(Records provided)

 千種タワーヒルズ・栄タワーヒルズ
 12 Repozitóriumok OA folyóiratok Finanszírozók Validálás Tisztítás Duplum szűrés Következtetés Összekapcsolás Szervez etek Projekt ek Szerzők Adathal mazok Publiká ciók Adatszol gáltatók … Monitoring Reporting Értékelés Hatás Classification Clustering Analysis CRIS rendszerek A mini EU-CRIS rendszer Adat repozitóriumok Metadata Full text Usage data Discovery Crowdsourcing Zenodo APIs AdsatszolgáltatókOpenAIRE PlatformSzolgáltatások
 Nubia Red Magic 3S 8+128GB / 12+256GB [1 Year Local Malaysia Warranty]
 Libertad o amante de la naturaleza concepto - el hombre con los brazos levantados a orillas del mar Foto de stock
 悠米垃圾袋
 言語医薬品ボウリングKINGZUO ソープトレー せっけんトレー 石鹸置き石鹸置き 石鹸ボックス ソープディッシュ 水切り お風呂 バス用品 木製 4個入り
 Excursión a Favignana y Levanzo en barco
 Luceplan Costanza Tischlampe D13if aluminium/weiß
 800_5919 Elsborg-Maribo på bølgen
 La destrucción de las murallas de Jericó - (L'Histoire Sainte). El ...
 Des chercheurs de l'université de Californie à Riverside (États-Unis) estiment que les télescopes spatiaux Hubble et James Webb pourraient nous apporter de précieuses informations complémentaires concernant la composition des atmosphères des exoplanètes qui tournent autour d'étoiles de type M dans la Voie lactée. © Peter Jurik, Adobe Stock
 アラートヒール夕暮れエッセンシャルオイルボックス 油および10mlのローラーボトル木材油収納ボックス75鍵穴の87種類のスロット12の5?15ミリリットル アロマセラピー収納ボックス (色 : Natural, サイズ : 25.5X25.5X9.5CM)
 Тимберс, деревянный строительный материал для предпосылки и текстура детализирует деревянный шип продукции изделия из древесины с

(What is expected)
The answer should be an exact copy of the lines from the first line of the data through the line with "Nubia Red Magic" and should contain nothing else.

(Written solution)
 千種タワーヒルズ・栄タワーヒルズ
 12 Repozitóriumok OA folyóiratok Finanszírozók Validálás Tisztítás Duplum szűrés Következtetés Összekapcsolás Szervez etek Projekt ek Szerzők Adathal mazok Publiká ciók Adatszol gáltatók … Monitoring Reporting Értékelés Hatás Classification Clustering Analysis CRIS rendszerek A mini EU-CRIS rendszer Adat repozitóriumok Metadata Full text Usage data Discovery Crowdsourcing Zenodo APIs AdsatszolgáltatókOpenAIRE PlatformSzolgáltatások
 Nubia Red Magic 3S 8+128GB / 12+256GB [1 Year Local Malaysia Warranty]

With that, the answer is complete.